This code would be difficult to maintain especially if someone else had to pick up where the original coder had left off. This due primarily to the use of macros, multiple goto's and global variables.

A second consideration is that as the program uses more memory to contain the buffer, performance might be impacted.

A third consideration also about the performance is that the program will perform better if it reads a large block of text from the input file and then processes that text using string or character manipulation rather then using charater based input.

Global Variables

Even though the variables the global namespace is protected from the variables exitval, spaceword, keyword, buf and bufsize by the use of static, programming within the file is still using the variables as global variables. This makes the code harder to write, read and debug because without searching the whole program it's not clear where the variables are modified. Use local variables whenever possible, and pass necessary information into functions as needed.

Use of Macros

It's clear why the code has a macro (CHECKBUF) in it, it is to reduce code repetition which is good, however, it would be better to use a function rather than a macro.
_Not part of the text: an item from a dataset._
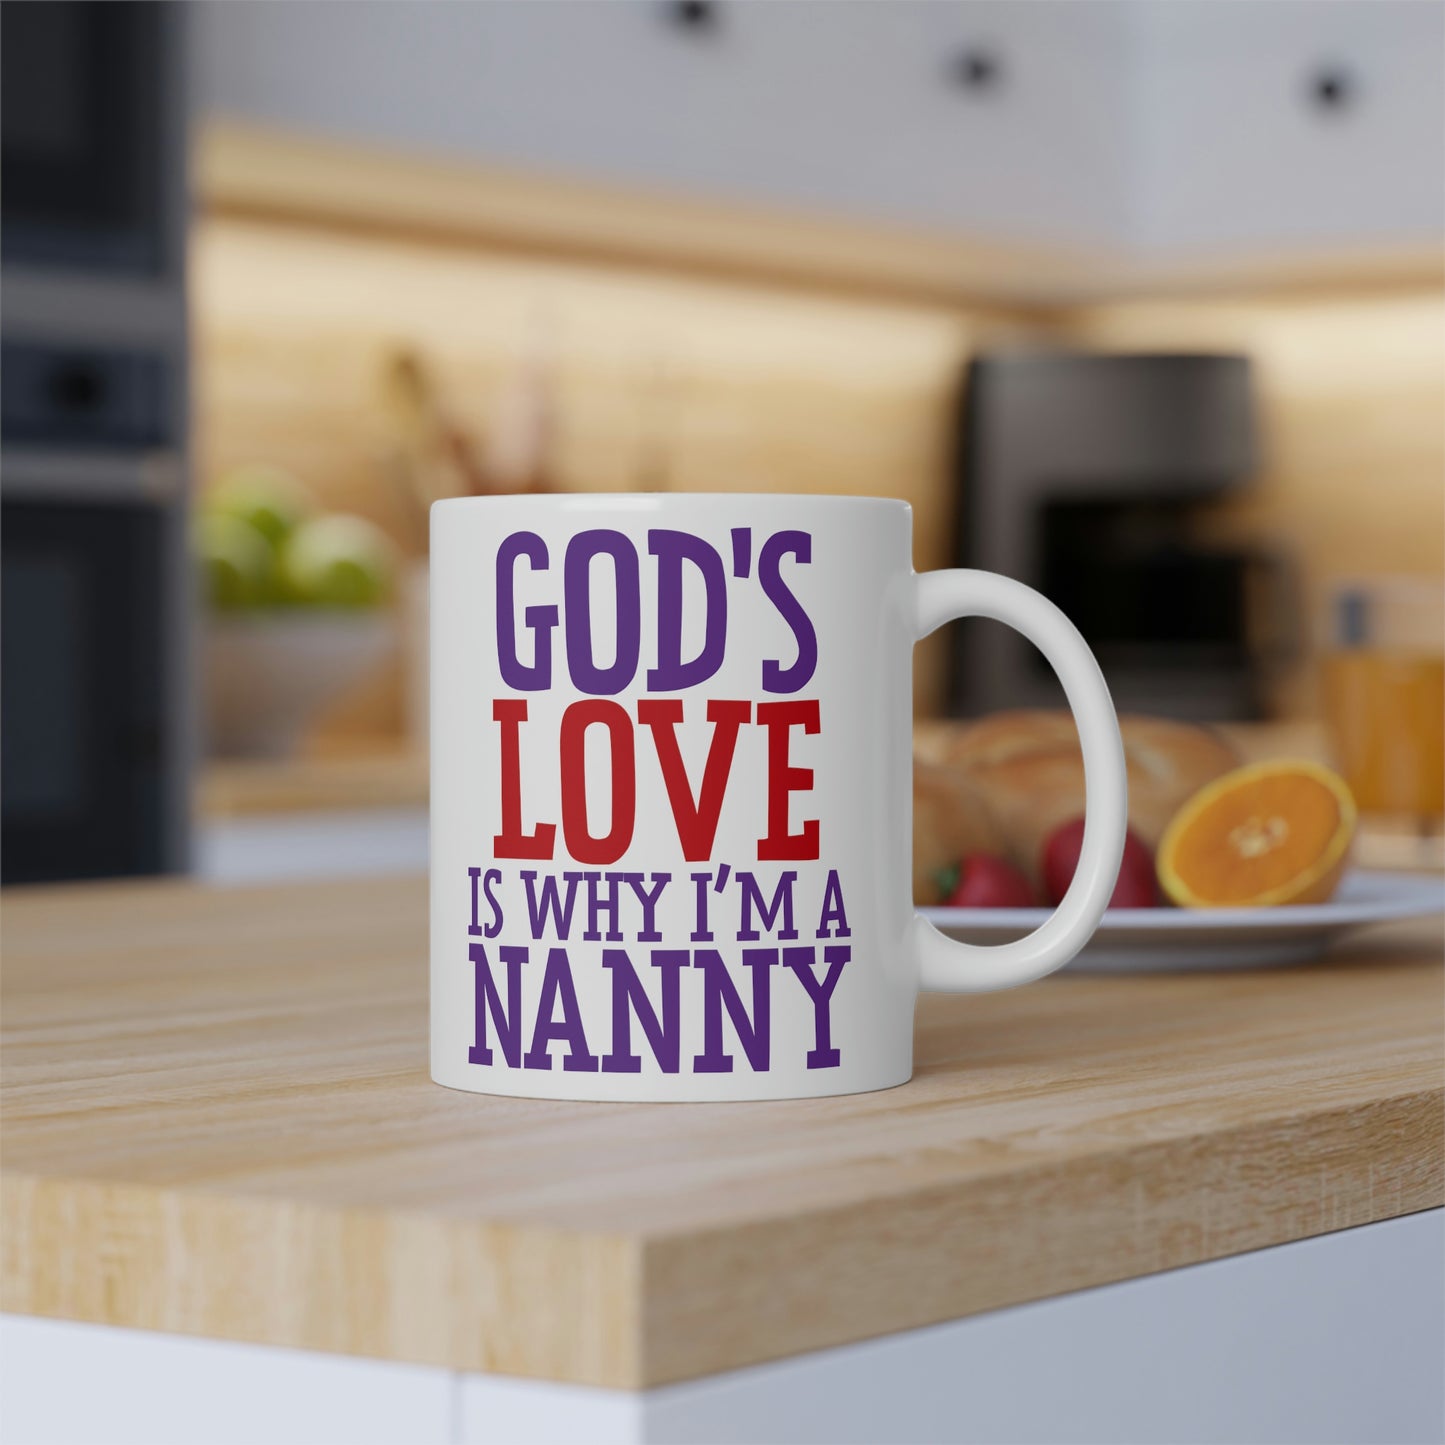 God's Love is why I'm a Nanny Mug, 11oz

One of the drawbacks of using macros is that they are very difficult to debug because the code in them is not expanded in the debugger. Another drawback is that they tend to hide things if memory allocation , goto's or exit() statements are in them, this code has 2 out of 3 of those hidden items in the macro.

Portability

The C programming language is very portable as long as the C programming standard is followed, and not some other standard such as POSIX. Two of the header files in this code (err.h and unistd.h) are not portable to Windows with out additional work being done to port that code or the associated libraries.

More portable code would write error messages and warning messages to stderr and not use err(), warn() or errc(). You could write your own portable library that recreates these functions, it might be a very good learning experience that you could share here on code review.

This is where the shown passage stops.